According to chairman and CEO Jeff Gennette, Macy’s outperformed sales expectations across all three of its brands: its namesake chain, Bloomingdale’s and luxury beauty retailer Bluemercury.
“We built on our momentum from the fourth quarter and our sales trend continued to improve throughout the first quarter,” he said. “These results were driven by the positive effects of the government stimulus program and expanding vaccine rollout, coupled with the accelerated execution of our Polaris strategy, including investments in our digital platforms.”
At its investor day last February, Macy’s unveiled a three-year turnaround plan that included trimming 125 stores from its total footprint, cutting 2,000 jobs — or about 9% of its corporate workforce — and ramping up investments in both higher-margin private labels and off-price through Macy’s Backstage. It shared expectations for these moves to save the company $1.5 billion annually by the end of fiscal 2022 and said it expected its top 250 stores to account for 78% of sales by 2021.
For the first quarter, the department store’s comparable store sales rose 62.5% on an owned basis and 63.9% on an owned-plus-licensed basis. (Versus 2019 figures, however, comps were down 10.5% and 10%, respectively.) E-commerce was the bright spot for Macy’s: The channel advanced 34% over the prior year period and 32% over the first quarter of 2019. Online penetration, it added, accounted for 37% of sales.
What’s more, the Macy’s brand brought in 4.6 million new customers — a 23% gain from 2019 — with 47% of shoppers coming through the digital channel.
“As consumers seek to reengage with each other, we are seeing promising signs that our core customers are shopping again, and we continue to attract new customers, who increasingly begin their shopping experience with us online,” continued Gennette. “Customers are shopping categories that have been strong throughout the pandemic — including home, fine jewelry and watches, fragrance and luxury items — and we’re encouraged by the improvement we’re seeing in special occasion categories as customers begin to travel and return to a pre-pandemic lifestyle.”
The momentum has led Macy’s to improve its guidance for the full year.
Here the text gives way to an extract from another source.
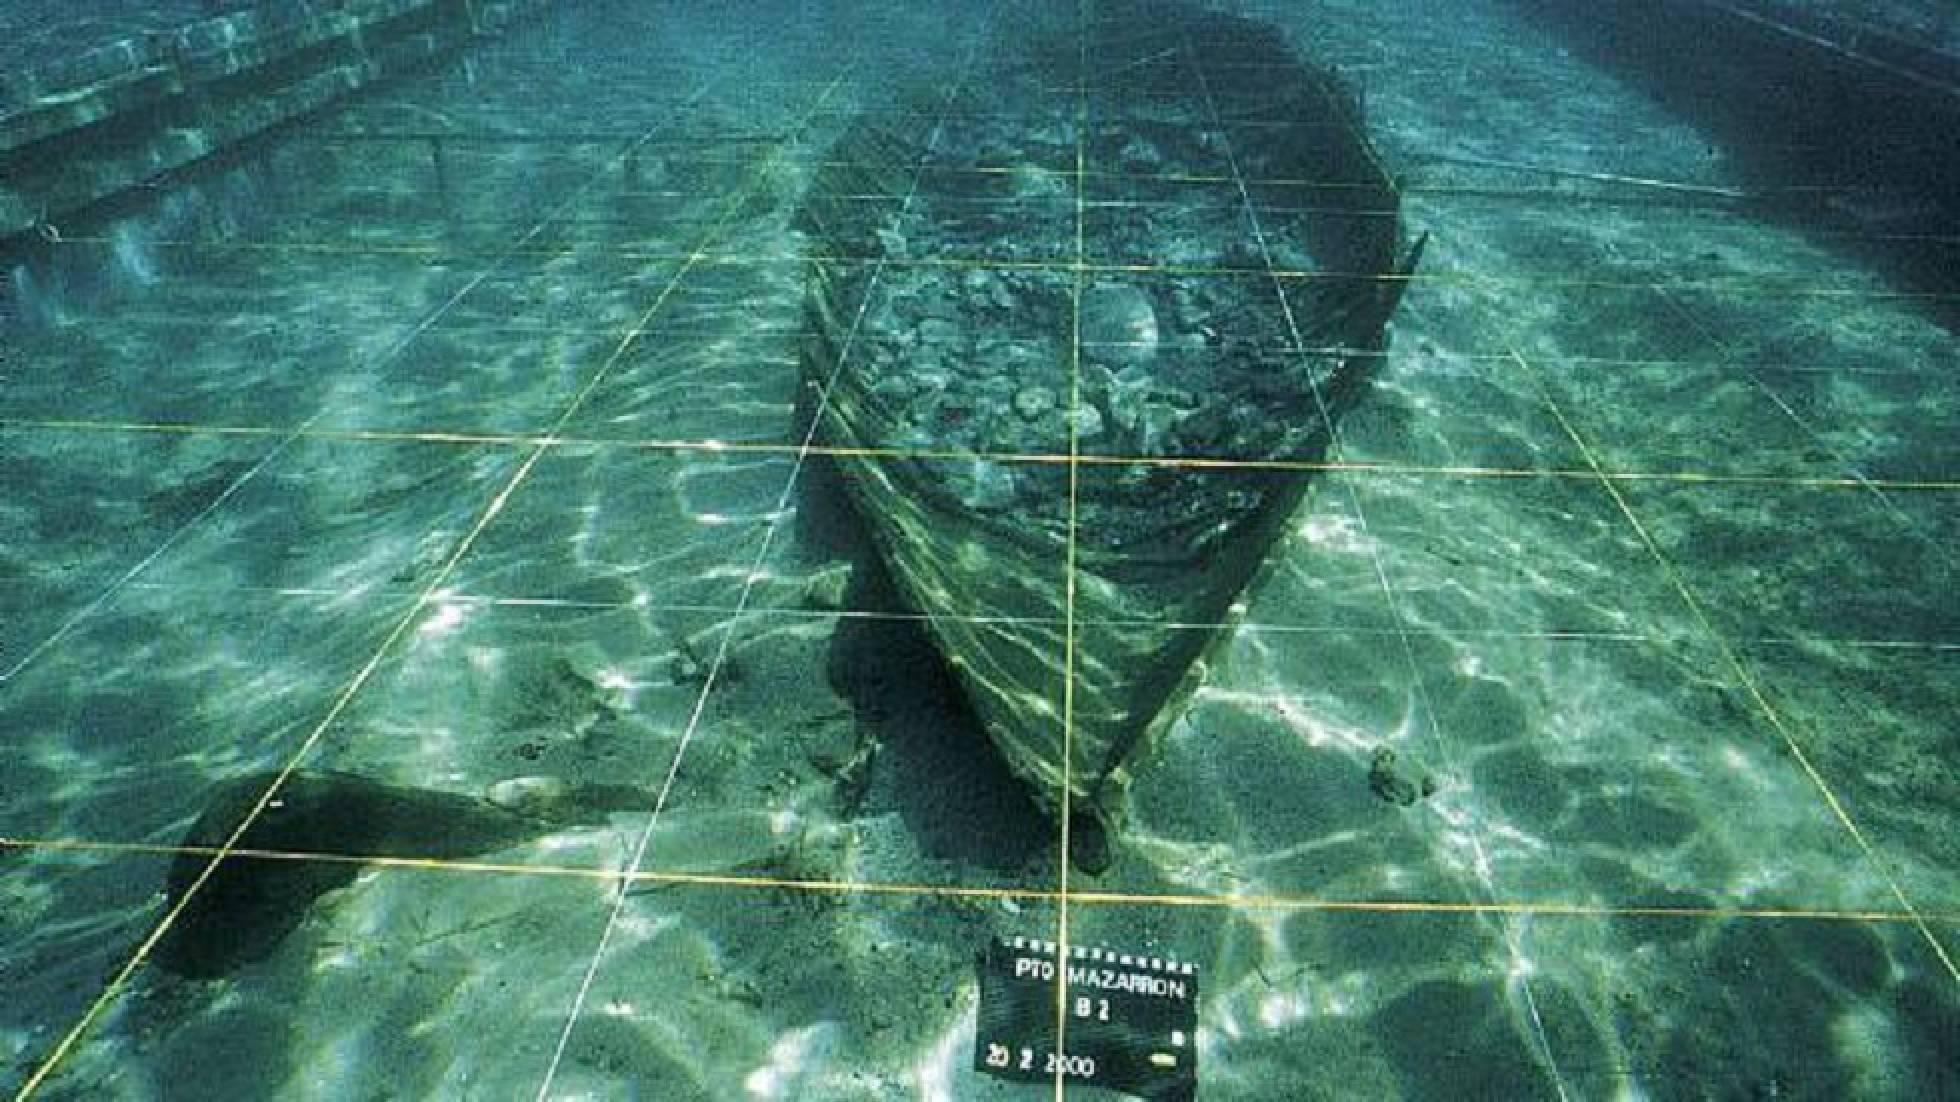 Los arqueólogos preparan el rescate de una barca fenicia hundida en Murcia 1565961547_361648_1566212686_noticia_normal_recorte1

The chain is now calling for net sales to range from $21.73 billion to $22.23 billion, compared with the prior projection of $19.75 billion to $20.75 billion. It estimated that adjusted earnings per share would fall between $1.71 to $2.12, versus the previous expectation of adjusted earnings of 40 cents to 90 cents per share. It had approximately $1.8 billion in cash at the end of the first quarter.
“The momentum and strength of our digital business is reshaping how we engage with customers as an omnichannel retailer,” CFO Adrian Mitchell added. “As we execute the Polaris strategy, Macy’s is well positioned for long-term, profitable growth.”